Connecting with GitHub

Using the SSH protocol, you can connect and authenticate to remote servers. For more details please have a look at this page. Going through steps:

  1. Generating a new SSH key and adding it to the ssh-agent
  2. Checking for existing SSH keys
  3. Adding a new SSH key to your GitHub account
  4. About commit signature verification

If you get this message error-permission-denied-publickey:

  1. Copy and paste your private key in VM
  2. Modifing the permissions: chmod 600 ~/.ssh/id_rsa
  3. Adding your private key and entering your passphrase: ssh-add ~/path/id_rsa

Run the pipeline

  1. uptade your credentials.json file
  2. run the workflow run nextflow main.nf

Once you have cloned the repository from GitHub, it is important to configure the nextflow.config file, considering the paths of your container in your Azure account. Then type touch credentials.json and copy and paste the private keys into the respective storage account and batch account names: { "storageAccountName": "ma****ge", "storageAccountKey": "****Mi7MWBz****==", "batchAccountName": "***dtu***", "batchAccountKey": "****wX7rHYMD****==" }. After that, enter the command nextflow run main.nf -c nextflow.config -profile <name-profile-on-config-file> -w az://<your-container-name> to run the pipeline.

Step by step

  1. Quick QC check of the raw sequenced data (fastQC)
  2. quality control of metagenomic data, meant for microbiome experiments (Kneaddata)
  3. Assembly of the reads (MegaHit): per sample and coassembly (step previous to Anvi'o)
  4. Kingdom distribution: Prediction of whether a contig is eukaryotic or prokaryotic
  5. Taxonomical and functional annotation of the contigs (Anvi'o tools)
  6. Mapping high-quality reads to the contigs (within Anvi'o framework)
  7. Taxonomical annotation and taxa abundance estimation based on reference genomes (Metaphlan 4.0)

Bioinformatic parameters

Below is a detailed overview of the parameters used in each bioinformatic tool within the Nextflow pipeline (file: nextflow_orange.nf), specifically outlining the commands and their functions within the context of the entire workflow.

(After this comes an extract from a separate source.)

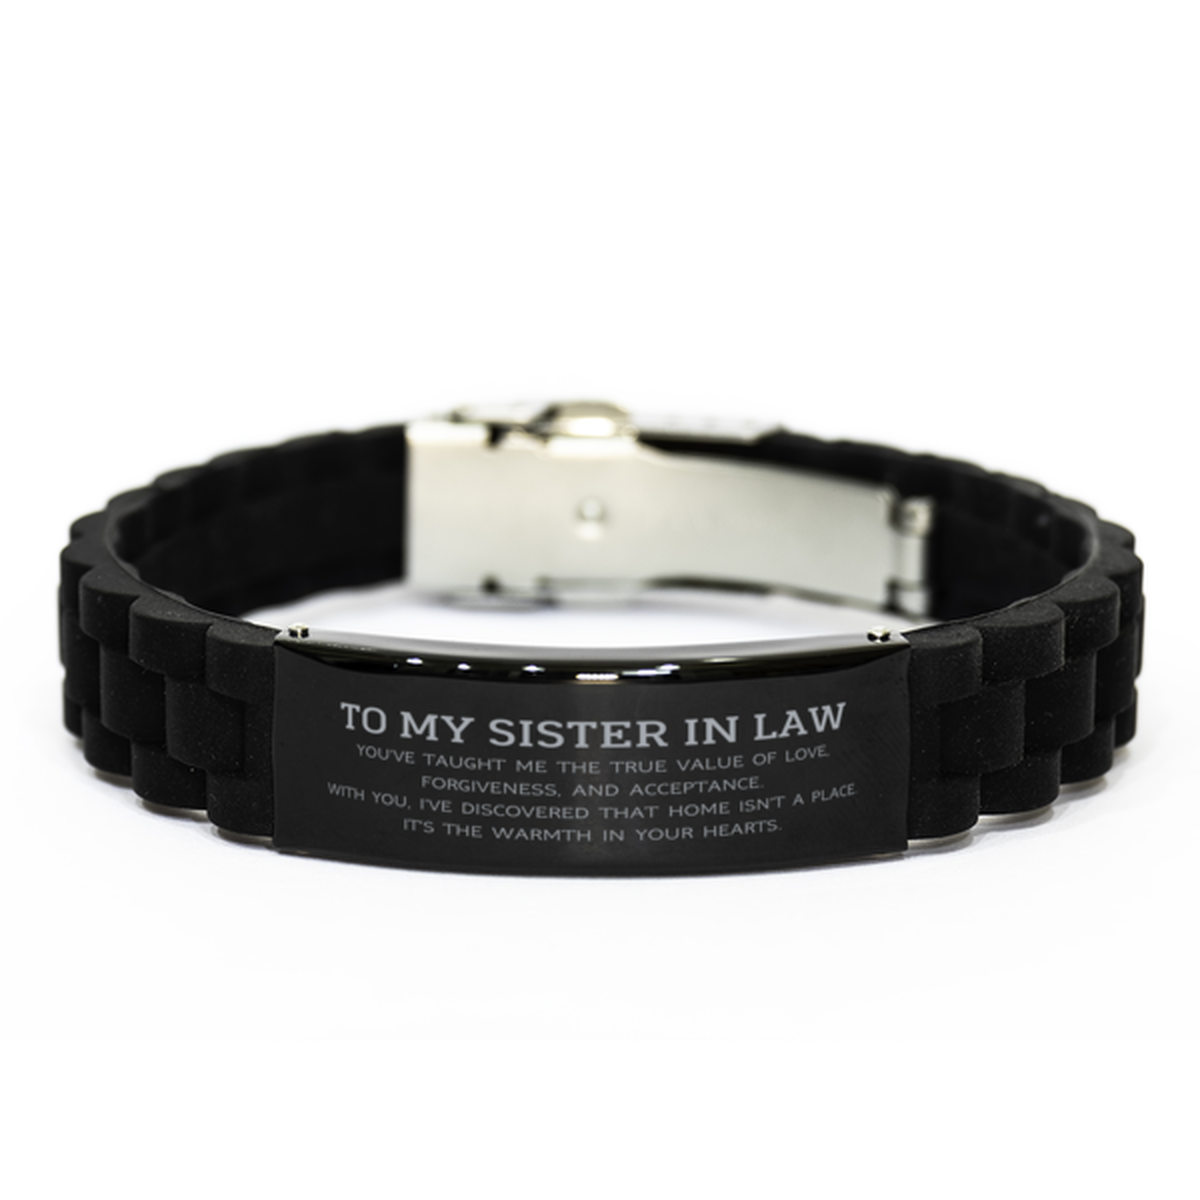 To My Sister In Law Gifts, You've taught me the true value of love, Thank You Gifts For Sister In Law, Birthday Black Glidelock Clasp Bracelet For Sister In Law
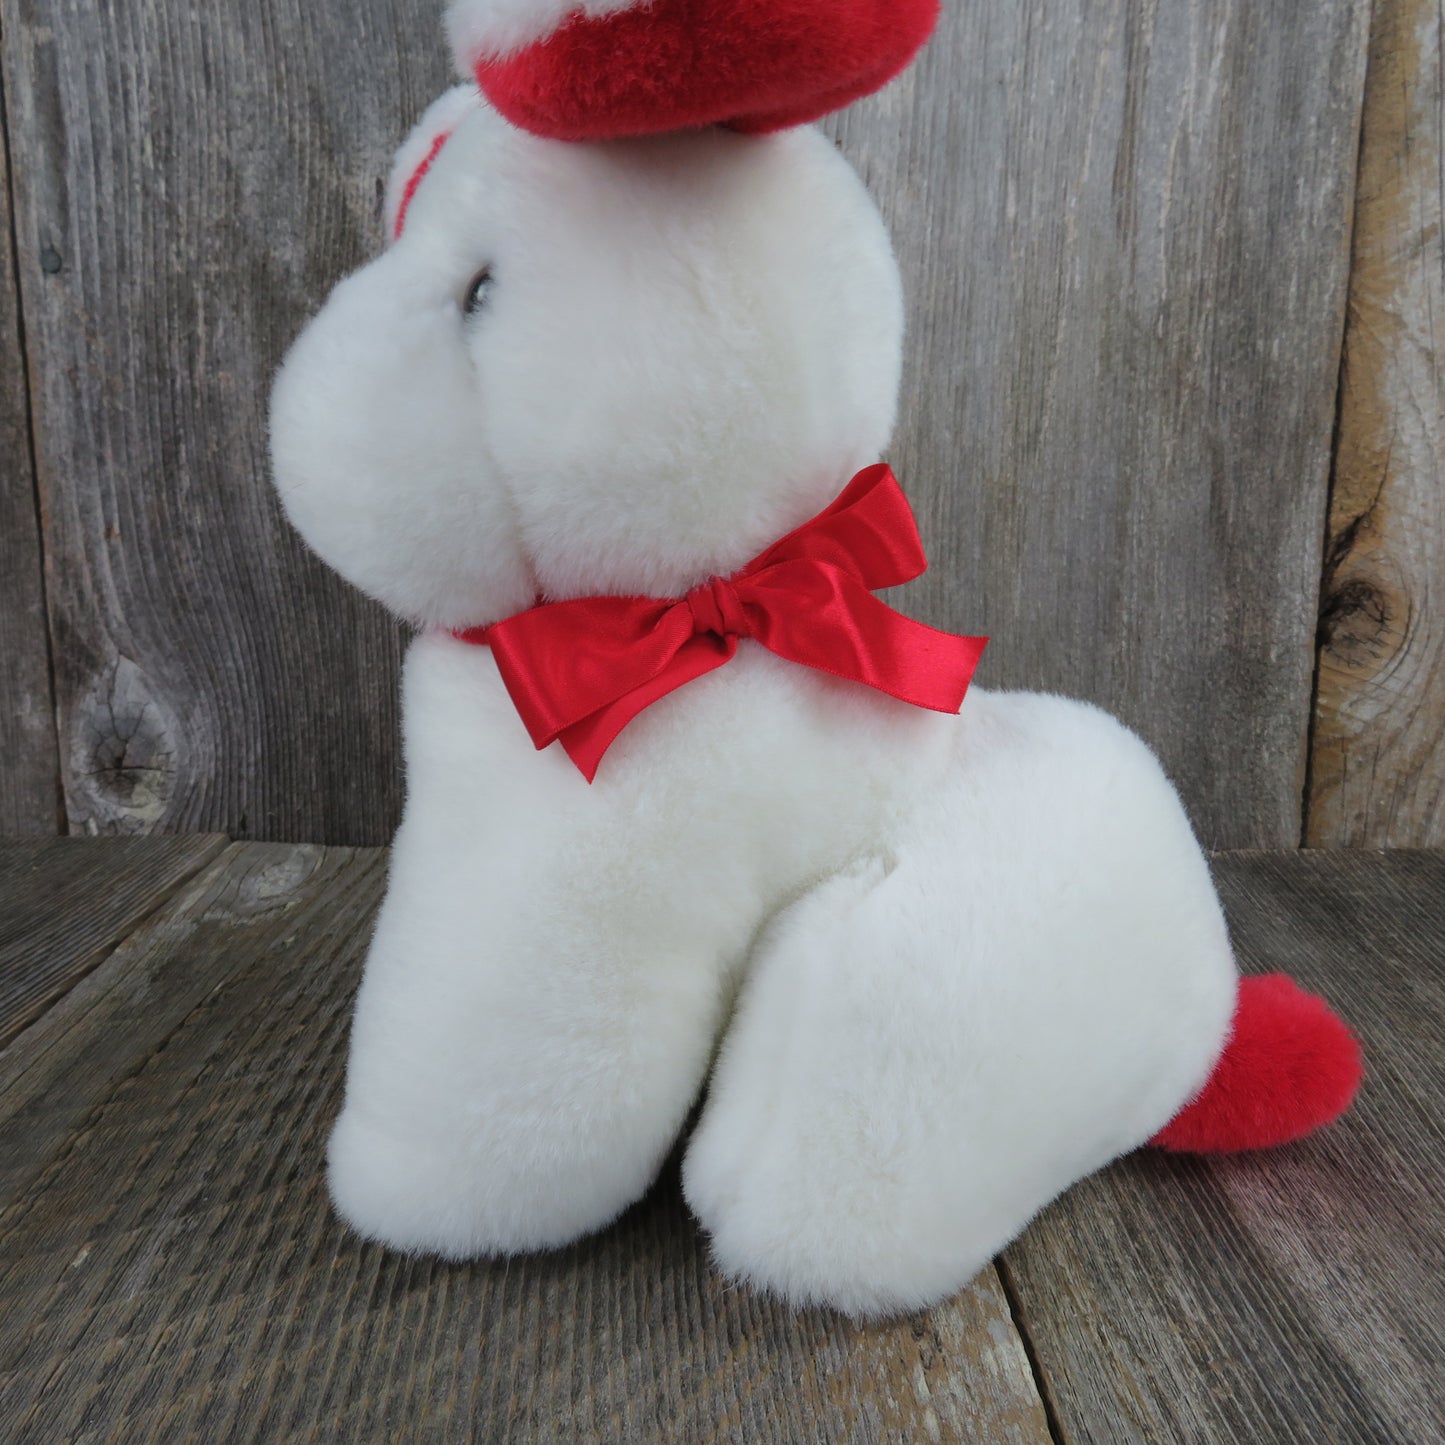 Vintage White Dog Puppy Plush Heart Shaped Flocked Nose Red Ears Mervyn's Playful Plush Red Bow Korea - At Grandma's Table

FASTQC Tool designed for the quality control analysis og high-throughput sequencing data reporting visualizations that help assess the quality and characteristics of sequencing data before downstream analysis.

Command Description
-o (--output) Specifies the output directory to store the processed data.
-q Specifies the ... .

KNEADDATA Tool used for QC and pre-processing of metagenomic and metatranscriptomic sequencing data;we need to consider we are working with input paired-end sequences files.

Command Description
-i1 Specifies the path to the input file containing the forward (R1) reads.
-i2 Specifies the path to the input file containing the reverse (R2) reads.
--reference-db Specifies the reference database to be used for contaminant removal.
--output Specifies the output directory to store the processed data.
--bypass-trim Skip the trimming step during the processing of sequencing data.

MEGAHIT Metagenome assembly tool used for assembling seqeuncing data particularly obtained from high-throughput sequencing technologies.

Command Description
-1 Specifies the path to the input file containing the first pair of paired-end reads.
-2 Specifies the path to the input file containing the second pair of paired-end reads.
-o Specifies the output directory to store the assembled contigs or output files.

WHOKARYOTE Tool which uses random forest to rpedict wheter a contig is from eukaryote or from a prokaryote(https://github.com/LottePronk/whokaryote).

Command Description
--contigs Specifies the path with your contigs file.
--minsize Specifies a minimum contig size in bp, by default is 5000 (accuracy below 5000 is lower).
--outdir Specifies the output directory to store the output file.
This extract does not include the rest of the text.